RoSa vzw licht elke twee weken een specifiek gendergerelateerd thema uit of bespreekt de genderdimensie van een actueel thema. Deze week belichten we de structurele genderongelijkheid in de filmindustrie, de lange weg naar inclusieve representatie op het scherm, en het verband tussen beiden.
Gepubliceerd op 06/05/2021
Actrice Frances McDormand op de uitreiking van de Oscars in 2021, met regisseur Chloe Zhao op de achtergrond - beiden winnaars.
Bron foto: eigen screenshot
2020 was een goed Oscarjaar wat betreft respect voor diversiteit en inclusie: voor het eerst won een vrouw van Aziatische afkomst de Oscar voor beste regie. Chloé Zhao is nog maar de tweede vrouw die deze prijs in ontvangst mag nemen. In 93 jaar Oscargeschiedenis zijn er in totaal nog maar zeven vrouwen genomineerd voor beste regie, waarvan twee dit jaar. Niet toevallig kondigde de Academy, die de Oscars uitreikt, vorig jaar diversiteitseisen aan, aan de hand waarvan ze vanaf nu producties evalueren en al dan niet nomineren.
Zhao werd eerder dit jaar ook tot beste regisseur van 2020 bekroond bij de Golden Globes, die andere belangrijke Amerikaanse filmprijzen, en bij de Britse BAFTA Awards. Ook wat de Golden Globes betreft, was ze nog maar de tweede vrouw ooit, en de eerste van Aziatische afkomst. De BAFTA’s deden het qua diversiteit in de nominaties in het algemeen zeer goed, een enorme verbetering ten opzichte van het vorige jaar. Er waren onder andere meer vrouwelijke dan mannelijke regisseurs genomineerd, en acteurs van kleur waren in de meerderheid in alle acteercategorieën.
Prestigieuze filmprijzen wereldwijd nemen inclusiviteit en gelijkheid kortom steeds serieuzer, en dat is nodig, want de filmindustrie evolueert in het algemeen zeer traag wat betreft gendergelijkheid en diversiteit. Gezien de systemische ongelijkheid in de filmwereld zijn prijzen meer dan symbolische kwesties: ze kunnen rolmodellen creëren, en op die manier nieuwe kansen voor nieuwe generaties. Diversiteit in rolmodellen is cruciaal voor een betere representatie van onze diverse samenleving in de filmindustrie.

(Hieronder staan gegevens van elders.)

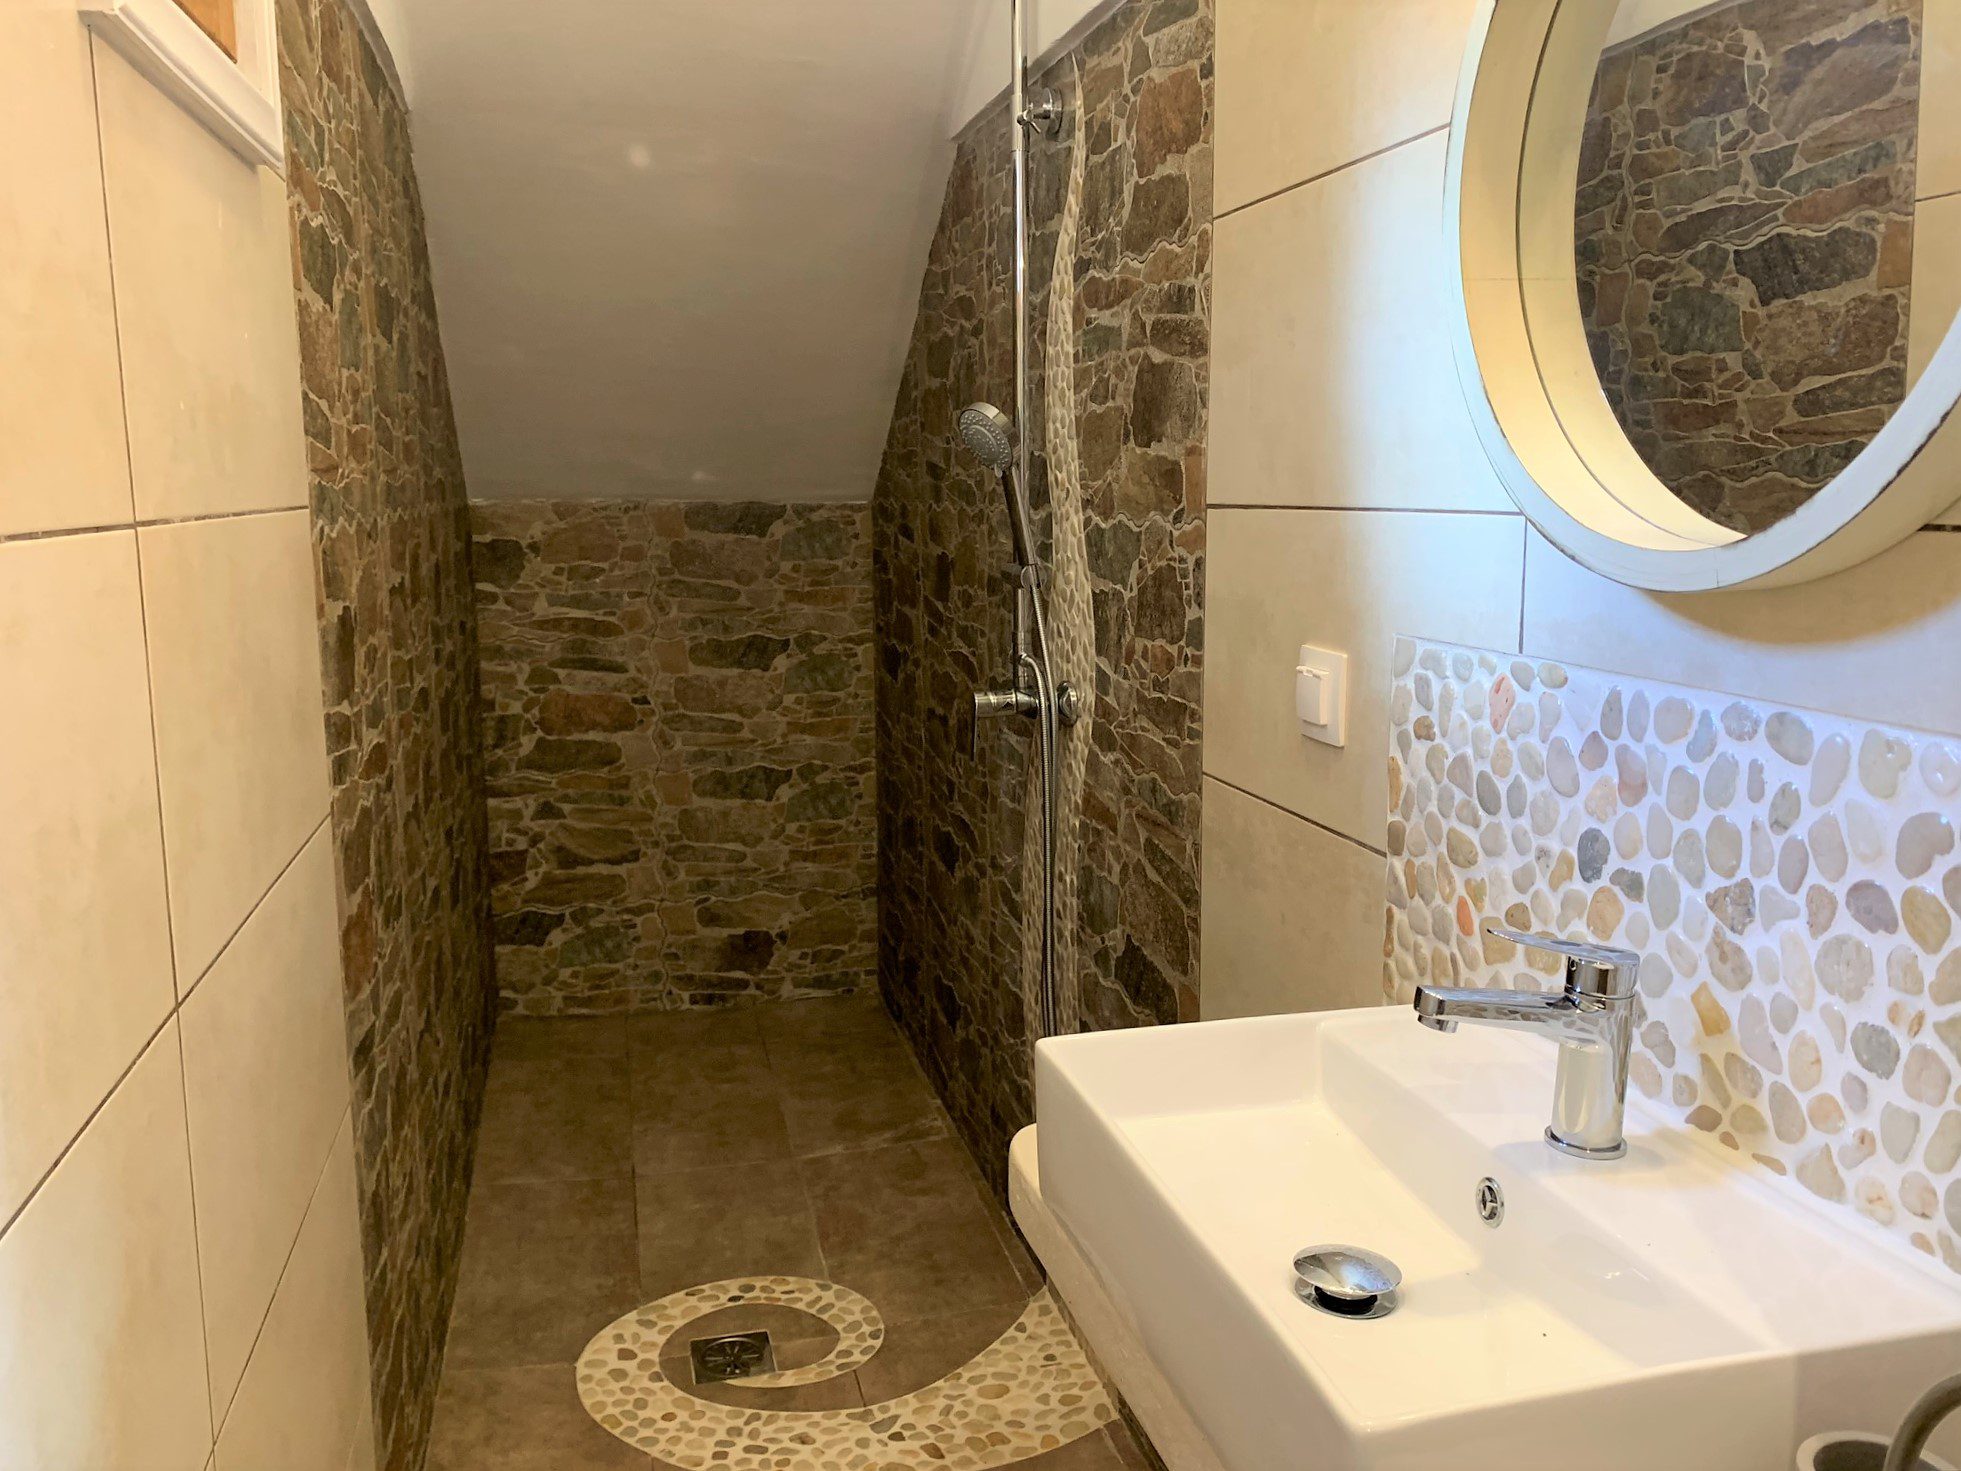 Bathroom of holiday apartments for rent Ithaca Greece, Kioni

Inclusieve representatie is niet alleen van belang vóór, maar ook achter de schermen van de filmwereld, met een duidelijk verband tussen beide niveaus. Het verband tussen een vrouwelijke regisseur of scenarioschrijver en een meer genderinclusieve representatie op het scherm wordt onder meer in dit recente rapport van het Amerikaanse Center for the Study of Women in Television and Film toegelicht. Wanneer mannen meer of zelfs alle beslissingen nemen, worden er ook meer films met mannen in de hoofdrol en mannen als drijvende kracht gemaakt, en zullen vrouwen via een sterke male gaze (een heteroseksueel mannelijke, vaak objectiverende blik) in beeld komen, bijvoorbeeld als passief object van de mannelijke begeerte. Zoals we in een vorige nieuwsbrief schreven geldt die gender bias ook voor de filmjournalistiek: recensies zijn nooit objectief en dus zeker niet onschuldig als het aankomt op inclusie en diversiteit.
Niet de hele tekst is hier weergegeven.